Introduction

SAPHO syndrome is a rare disease that presents a diverse range of clinical features, including chronic inflammatory osteoarticular lesions and dermatological disorders1,2. More than 50 different terminologies have been used to describe the association between osteoarticular and dermatological lesions, resulting in high heterogeneity and posing challenges to diagnosis, management, and research3,4. Bone and joint diseases are significant factors in the development of SAPHO syndrome, displaying varying imaging characteristics during different stages of the disease. Patients may experience pain, stiffness, limited movement, or soft tissue swelling at the affected site5.

Whole-body bone scintigraphy (WBBS) is a highly effective initial method for the systematic evaluation of osteoarticular lesions in SAPHO syndrome.
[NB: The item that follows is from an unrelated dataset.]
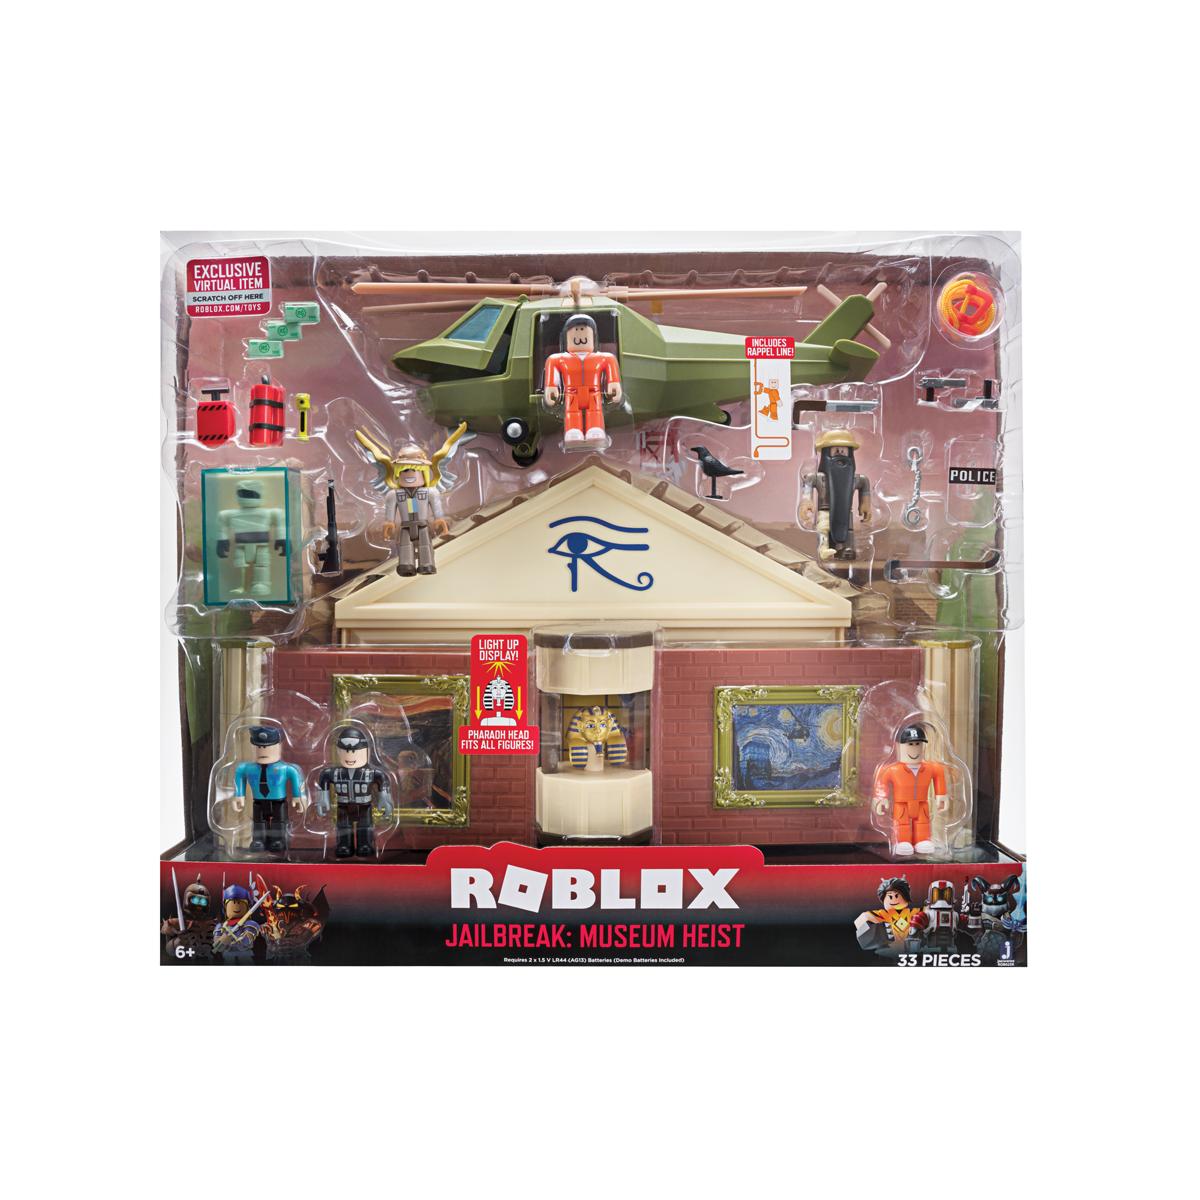 ROBLOX - Jailbreak: Museum Heist Deluxe Playset

The bullhead sign observed on WBBS is considered a characteristic feature of SAPHO syndrome6. WBBS can detect both symptomatic and asymptomatic lesions and is more sensitive in detecting underlying lesions than computed tomography7. However, the scintigraphic features of SAPHO syndrome are often not specific, making it challenging to differentiate it from other conditions. In particular, bone metastases, i.e., secondary bone tumors (SBT), can present similarly on bone scans with multifocal abnormal radiotracer uptake8. In our experience, many patients with SAPHO syndrome were misdiagnosed with metastatic disease before arriving at the correct diagnosis. This is especially concerning when the providers or radiologists are not familiar with the clinical and imaging manifestations of SAPHO syndrome9. It is of high clinical significance to identify imaging characteristics to assist in the differential diagnosis of SAPHO syndrome and SBT10.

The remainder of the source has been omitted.